The Nusa Penida dialect is also used outside Nusa Penida, mainly due to the migration of its speakers following the eruption of Mount Agung in 1963 as well as the transmigration program enacted by the Indonesian government. Significant speakers relocated to southern Sumatra, particularly to Bandar Lampung, Palembang, Mesuji, and South Lampung.

== Phonology ==
This dialect is often classified as a sub-dialect of another variant within the Balinese language, namely the Bali Aga language. However, there is a notable difference between the two dialects, namely the loss or reduction of the phoneme /a/ at the end of words. This classification arises because the Nusa Penida dialect shares linguistic features with the Aga dialect, described as follows:
- The distribution of the phoneme /h/ at the beginning and middle of words;
- The presence of the endings /-ñə/ and /-cə/, which are allophonic morphemes of the ending /-ə/;
- The speakers' intonation tends to have a faster tempo and stronger stress;
- Vocabulary in the Nusa Penida dialect resembles that of the Aga dialect and its other sub-dialects.

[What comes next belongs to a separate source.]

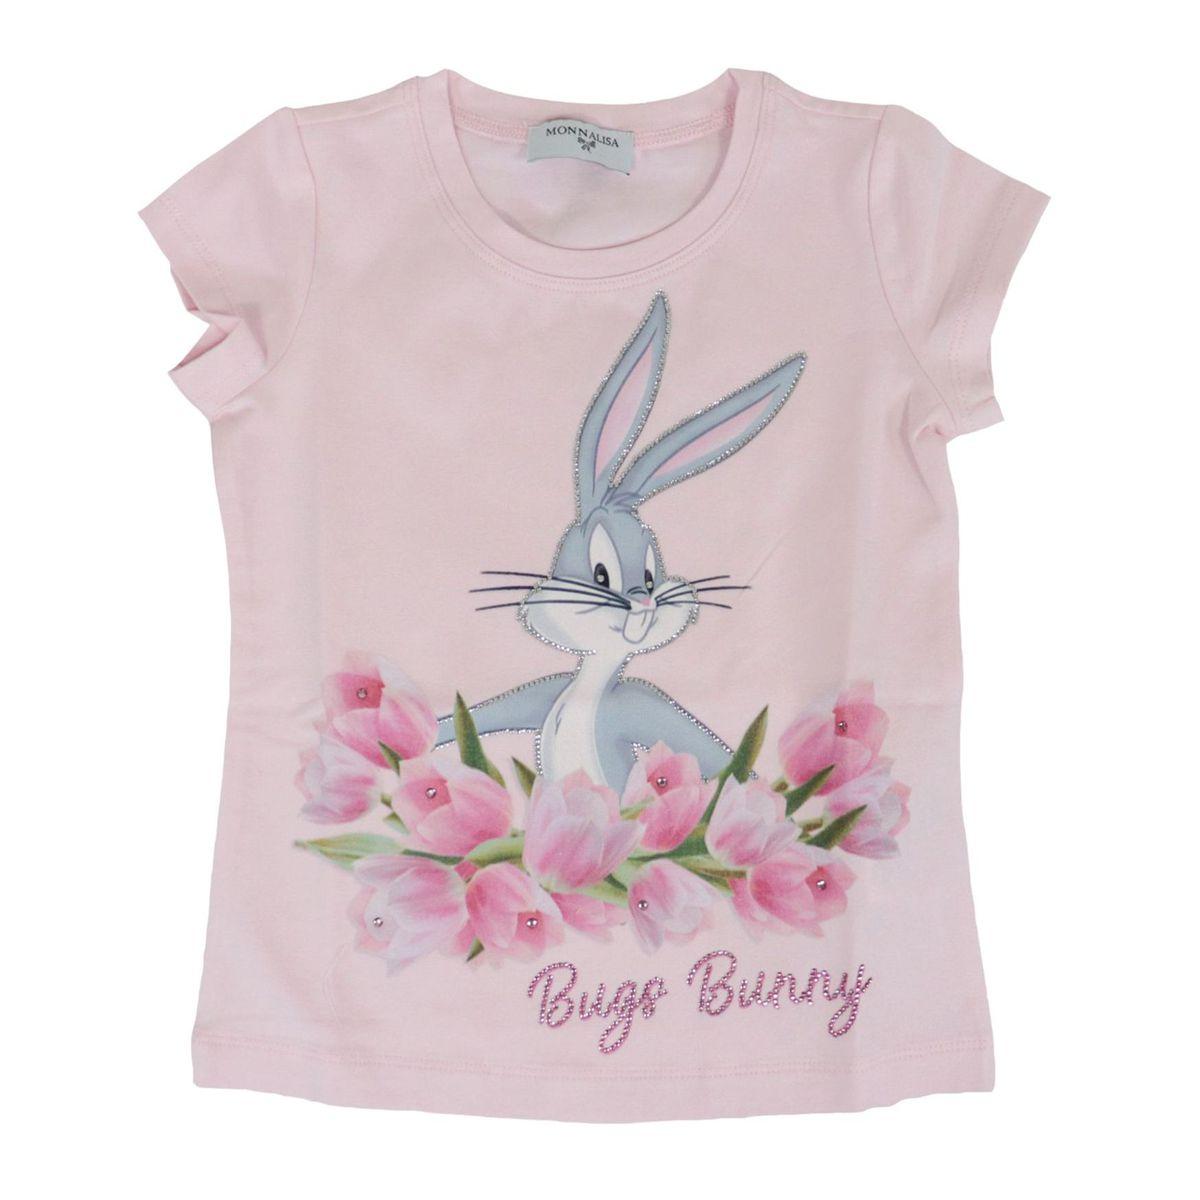 Jersey T-shirt with Bugs Bunny print and rhinestone applications Rose Monnalisa

The characteristics described above also demonstrate that both the Bali Aga dialect and the Nusa Penida dialect retain features of Old Javanese that have been lost in modern Javanese and mainland Balinese.

== Vocabulary ==
Below is a comparison of several vocabulary words in the Nusa Penida dialect and standard Balinese:

| Nusa Penida Balinese | Standard Balinese | Indonesian | English |
|---|---|---|---|
| kola, kela | cang, tiang | aku | I |
| jaba | dija, ija | dimana | where |
| éda, ida | awaké, cai, ci | kamu | you |
| lepéh | kenyel | lelah | tired |
| homah | umah | rumah | house |
| géléng | cenik | kecil | small |
| hoba | suba, ba | sudah | done |
| hangken | kénkén | kenapa | why |
| honya | onya | semua | all |
| behas | baas | beras | rice |
| behat | baat | berat | heavy |
| endék | tusing, sing | tidak | no |
| layah | seduk, layah | lapar | hungry |
| toya, yéh | yéh, toya | air | water |
| dəpinñə | dəpin | biarkan | let it be |
| pohun | puwun | terbakar | burned |
| paloh | aluh | mudah | easy |
| japan | binjepan, binjep | nanti | later |
| taloh | taluh | telur | egg |
| abian, kamol | abian | kebun | garden |
| beneh | beneh | benar | correct |
| mekrocokan | mecanda | bercanda | joking |
| hang | anak, nak | orang | people |
| hobat | ubat | obat | medicine |
| poles | pules | tidur | sleep |

In standard Balinese, the initial letter [u] is commonly used, whereas in the Nusa Penida dialect, [u] is replaced and pronounced as [o]. Additionally, the letters [o] and [h] are more frequently used at the beginning of words, such as in homah, honya, hoba, hobat, and poles.